Странники, идеалисты, бунтовщики. Русские писатели в поисках смысла жизни и ответов на вечные проклятые вопросы - Гэри Сол Морсон
Триктрак Юма
В романе Джордж Элиот «Мидлмарч», который, пожалуй, является величайшим философским романом, не написанным русским автором, писательница, склонная к афоризмам и мудрым философским отступлениям, пишет о роли идей в английском обществе. Абстракции завораживают некоторых персонажей, но рассказчик объясняет, что «действовать, исходя из убеждений, не полагается – это служит надежной защитой для общества, а также для семейной жизни.

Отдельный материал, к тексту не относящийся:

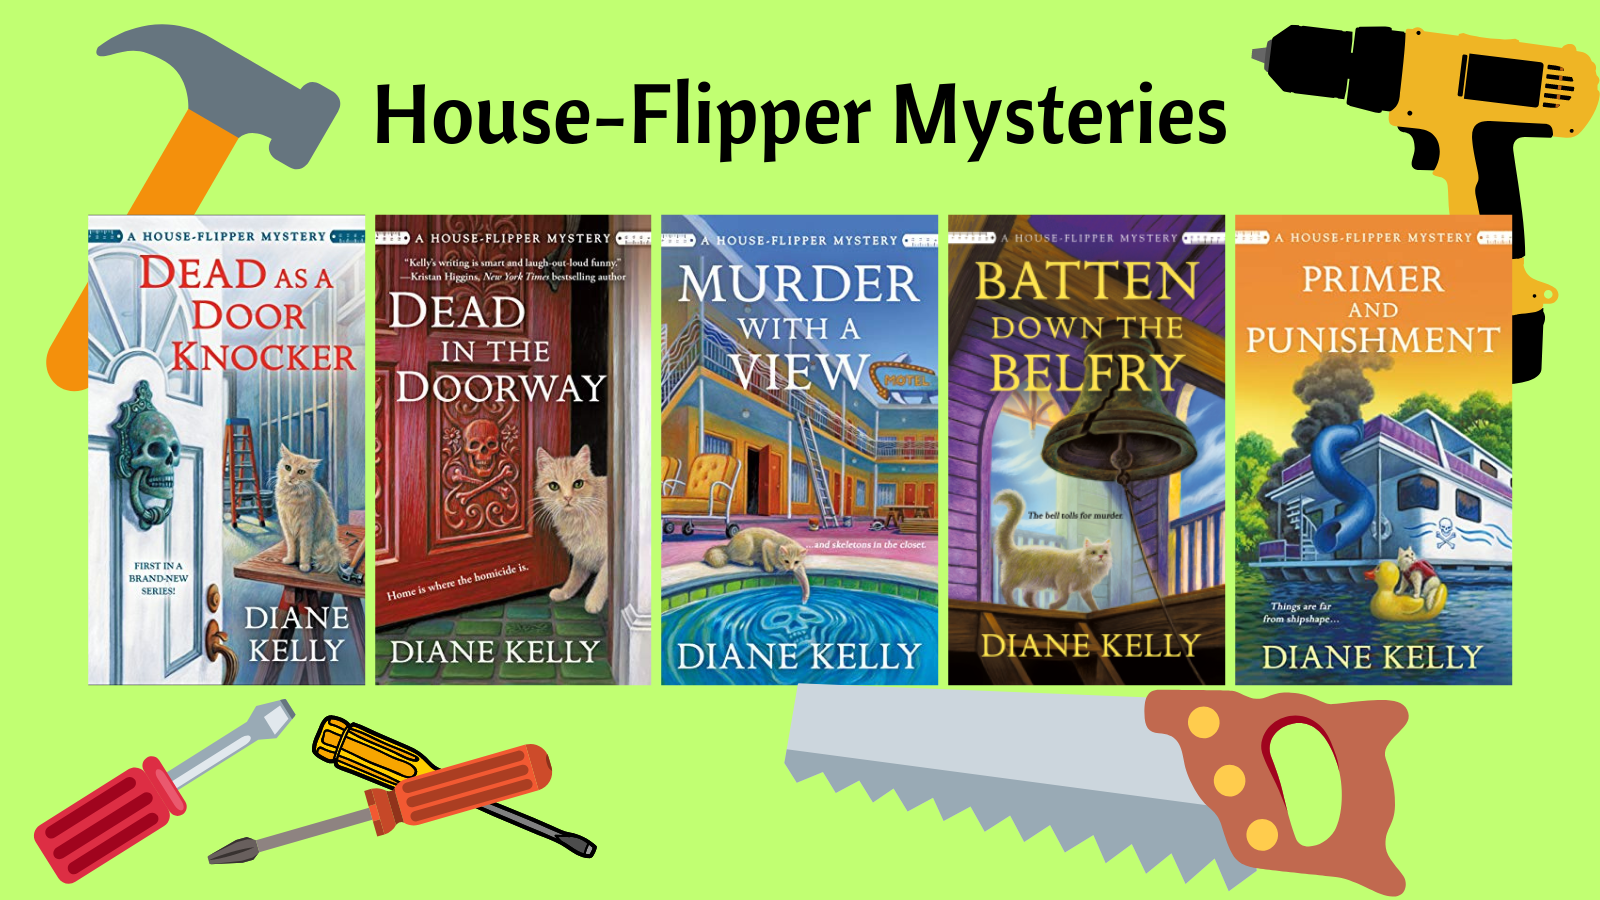 House-Flipper Mysteries

Разумные люди ведут себя как все, и если появляются сумасшедшие, их нетрудно распознать и избегать»[36]. У персонажа Элиот, Лидгейта, могли быть радикальные взгляды, отмечает она, но, «погревшись у французских социальных теорий, он не привез с собой запах паленого. Мы можем безнаказанно заигрывать с самыми крайними мнениями, когда наша мебель, наши званые обеды и наш фамильный герб, которым мы гордимся, неразрывно связывают нас с установленным порядком вещей»[37].
Такие суждения, несомненно, были свойственны Англии XIX века, однако у русской интеллигенции с установленным порядком вещей не была связана никакая «надежная защита». Следы «опаливания» были повсюду, и представители русской интеллигенции в реальной жизни и в литературе презирали нежелание применить радикальные идеи на практике.
Вероятно, замечания Элиот относятся к известному рассуждению Дэвида Юма о том, какое неустойчивое воздействие оказывают на умы смелые философские системы, подобные его системе. Дойдя до столь радикальной теории скептицизма, при которой жизнь кажется немыслимой, Юм замечает:
«Пока наше внимание сосредоточено на рассматриваемом вопросе, преобладание может принадлежать философскому, теоретическому принципу; но в ту самую минуту, как мы дадим отдых своим мыслям, природа возьмет свое и повлечет нас обратно, к нашему прежнему мнению. Мало того, иногда ее влияние так сильно, что она может остановить нас посреди самых глубоких наших размышлений и помешать нам вынести все следствия из какого-нибудь философского мнения»[38][39].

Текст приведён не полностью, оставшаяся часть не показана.